Despite the claimed principle that inspection should be separated from advice there appears to be a sub-text of advice implied by Ofsted's framework. Thus it pushes schools towards target-setting and detailed planning, both short term and long-term, without there being adequate evidence that a this "gradgrind" ethos or five-year plans are effective. There are alternative views as to good management. W. Edwards Deming, for example, widely credited with transforming Japanese industry from the shoddy goods of the 1950s to the world class quality of the 80s and 90s, was explicitly opposed to targets, and to appraisal. He advised, rather, the constant collection of hard statistical data, well interpreted, and an on-going striving for improvement combined with an insistence on joy in work (Hinkley & Seddon, 1996; Neave, 1992)). Furthermore he urged the search for 'profound knowledge' i.e.. soundly based research results. 'Don"t work harder work smarter'. It has been argued elsewhere that Deming's philosophy fits with the conclusions reached by many other eminent scholars such as Popper and Simon (Fitz-Gibbon, 1996). These issues may well be over-simplified and not easily resolved. What is clear is that Ofsted's unthinking adoption of one approach to management and improvement is going beyond its brief and may conceivably be damaging.

The perception that Ofsted advises is clear from parents" comments as reported by (Taberer, 1995). Quite reasonably they suppose that a plan identifying the 'key issues for action' (Ofsted, 1995. p11.) constitutes advice. It directs behaviour and not, necessarily, effectively. For example, the report which failed Breeze Hill Comprehensive School in Oldham complained that the school had done nothing about the under achievement of boys at GCSE. Since this achievement discrepancy is a country-wide phenomenon, mainly in English rather than science or mathematics, it might have been a reasonable management decision that efforts could be better expended in areas more likely to yield results. Is Ofsted usurping school's rights under Local Management of Schools?

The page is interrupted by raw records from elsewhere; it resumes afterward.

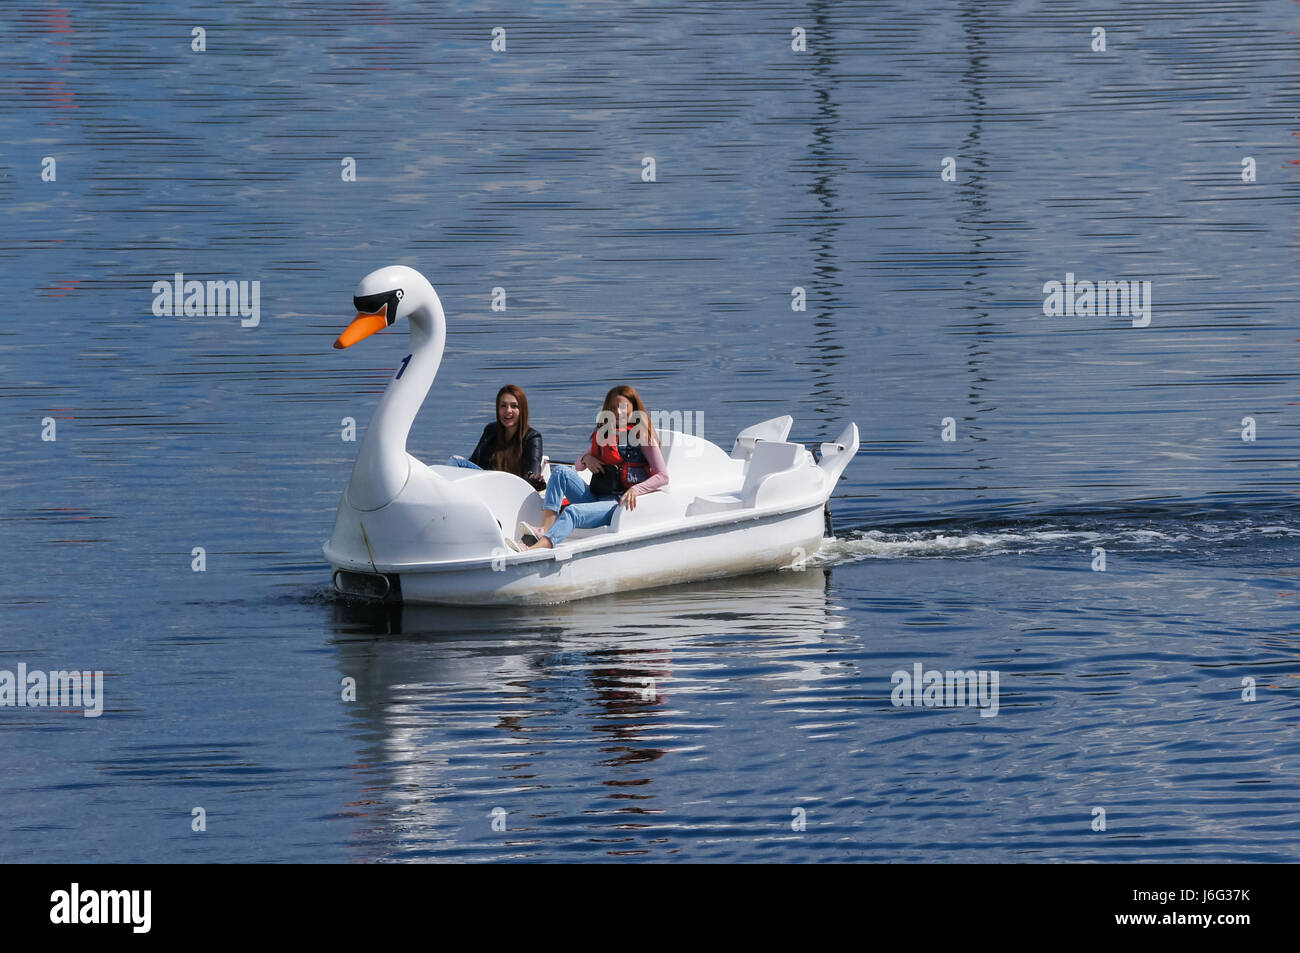 Die Menschen genießen heißen Tag in Swan Tretboote am Fluss Lea im Queen Elizabeth Olympic Park, London England United Kingdom UK Stockfoto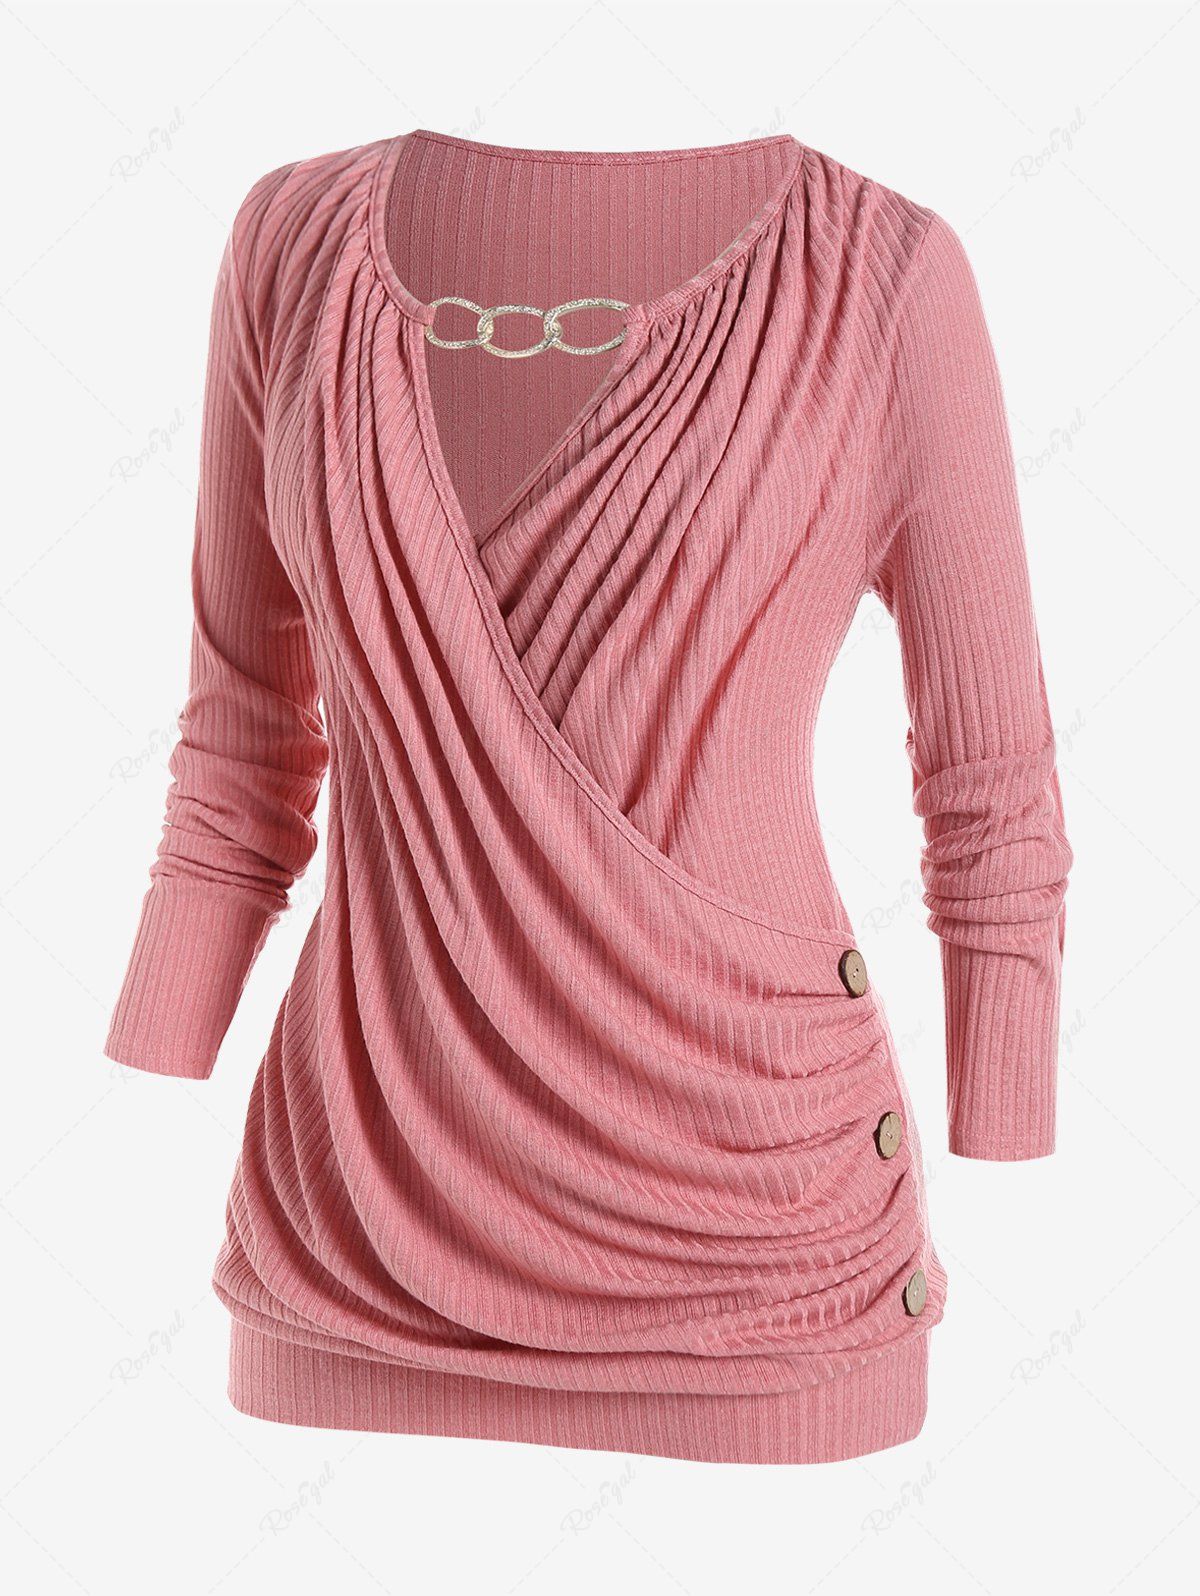 T-shirt Drapé Chaîne Superposé de Grande Taille avec Trou de Serrure Rose clair 1X | US 14-16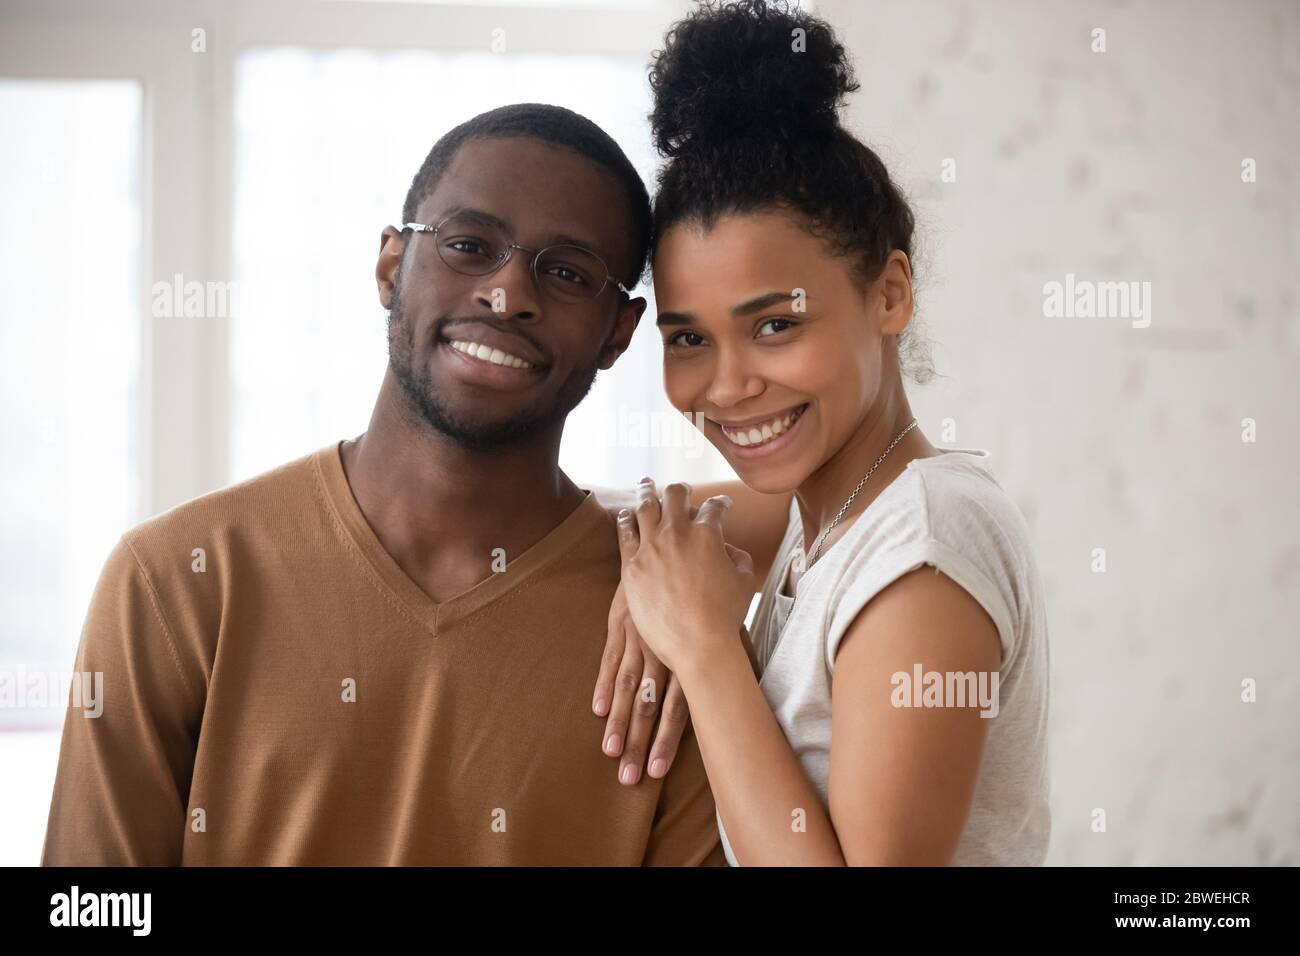 Kopf geschossen glücklich afroamerikanischen Ethnizität Familie Porträt Konzept Stockfoto

Who is then subsequently responsible?

The psycho-dynamics and legal position of inspection. Ofsted has been given un-challengeable power. When Breeze Hill was re-rated as "failing" less than a year after being rated as "satisfactory" it wished to take Ofsted to court. The LEA was prepared to back this challenge. Unfortunately a QC stated that it could not be shown that the judgements were "perverse" or "unreasonable" and a case would not be successful. Yet it would seem both perverse and unreasonable that Ofsted should demonstrate clearly in one school the un-reliability of its procedures and not be subject to review. Is it not fundamentally perverse and unreasonable that Ofsted is not held accountable for being able to demonstrate its levels of reliability and validity?

Lord Acton warned that power corrupts and absolute power corrupts absolutely. Again this is a very difficult area to deal with, not one in which the authors feel in the least bit competent. There are numerous instances coming to our attention of inspection acting as a poison in the system and concern has been expressed at the appearance of subterfuge among grown-ups being less than educationally sound for children who observe the inspection process and its impact on their teachers. Inspection has certainly created much bad blood between teachers and their local education authority and it has undermined the confidence of parents in their schools, without good evidence. Because there is considerable fear in the system we can only urge that an enquiry is needed in which those with some responsibility for Ofsted can hear statements given in confidence which many inspectors and others feel unable to provide publicly.

Discussion

The aspect of inspection which is the most expensive in inspectors" time, the most costly to schools in staff stress, and the least validated, is the practice of having inspectors sit in classrooms using classroom observation methods which have not been demonstrated to meet any level of quality standards and drawing un-challengeable conclusions which have yet to be subjected to proper scrutiny for their reliability, validity or sufficiency for the purpose of publicly rating an entire school. It is this aspect of inspection which should be immediately suspended pending the application of proper standards.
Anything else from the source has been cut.